In individual cases there were differences between the pitchers. In the aggregate, there were almost no indications of a difference in quality. The finesse pitchers were a little bit older, averaging 29.1 vs. 28.4 for the power pitchers. There were 100 pitchers in each group. The power pitchers had an aggregate won-lost record of 1519-831; the finesse pitchers with 1514-838. The power pitchers had pitched an average of 210.0 innings; the finesse pitchers, 211.1. Both groups had given up an average of 85.5 runs, with 77.1 or 76.8 of those earned, leading to ERAs of 3.33 (for the power group) and 3.29 (for the finesse group.) Both groups had relative ERAs (ERA divided by league ERA) of .813. The power pitchers had made an average of 199 career starts, with career records averaging 79-58 and career ERAs of 3.50. The finesse pitchers had made an average of 223 career starts, with records averaging 84-62 and career ERAs of 3.54.
Our essential goal was that there would be no observable difference in the quality of the pitchers in the two groups. But the power pitchers had averaged 183 strikeouts, 76 walks; the finesse pitchers had averaged 107 strikeouts, 57 walks. The two groups were nearly even in terms of home runs allowed (a few more for the power pitchers), but the finesse pitchers had given up, on average, 18 more hits. 18 more hits, 19 less walks, one less homer. . .the same results overall.
Having formed these two nearly-identical groups of 100 pitchers (all of whom had made at least one start in post-season play), I then looked up their records in post-season play.

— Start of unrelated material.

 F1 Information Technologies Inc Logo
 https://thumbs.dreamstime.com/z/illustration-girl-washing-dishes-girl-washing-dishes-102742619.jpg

To cut to the chase without ceremony, the Power Pitchers did in fact perform better in post-season play than did the most-equal Finesse Pitchers. The Power Pitchers made 222 starts in post-season play, with a won-lost record of 85-67 and an ERA of 3.35. The Finesse Pitchers made 214 starts in post-season play, with a won-lost record of 73-87 and an ERA of 3.59.
This difference is NOT statistically significant. The winning percentage of the 200 pitchers, in post-season play, was .50641. The chance that a group of pitchers with that winning percentage would go 85-67 or better is 6%, and the chance that a group of pitchers with that winning percentage would go 73-87 or worse is 9%. The difference in ERA is more difficult to test for significance, but it appears to be obviously smaller than the difference in Won-Lost records, and thus unlikely to meet a higher standard of statistical significance.

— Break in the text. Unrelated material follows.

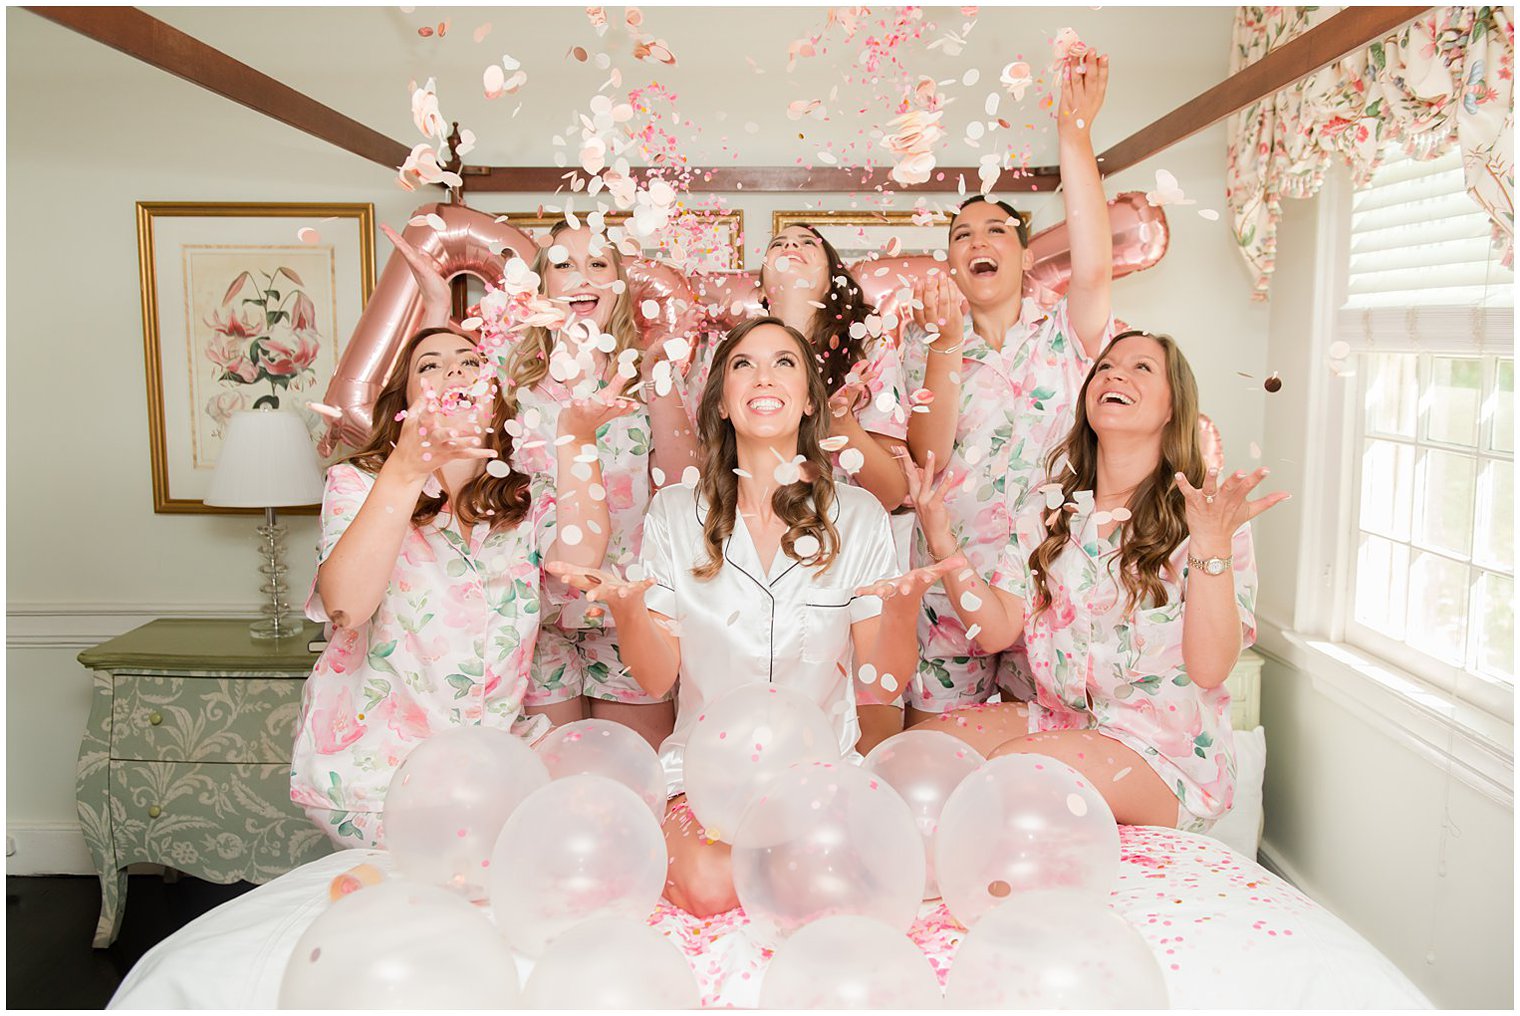 bride and bridesmaids throw confetti during wedding prep

In post-season play the Power Pitchers in our study faced 6,043 batters, pitching 1424.2 innings—essentially one team/season’s worth of pitching. The Finesse pitchers faced 5,684 batters, pitching 1343 innings. The power pitchers limited opponents to a post-season batting average of .227, whereas the finesse pitchers allowed a post-season batting average of .263—larger than the batting average difference between the groups in regular season. This difference was only partially offset by walks. The power pitchers walked 3.35 per nine innings in post-season play; the finesse pitchers, 2.69.
My conclusion is that it does appear to be probably true that Power Pitchers are more effective in post-season play, with an advantage in the neighborhood of 0.25 ERA, for pitchers of the same quality. However, the difference is small enough that these could be random effects.
One other note from the study: Six of the power pitchers won the Cy Young Award, while only two of the matched finesse pitchers were given the award.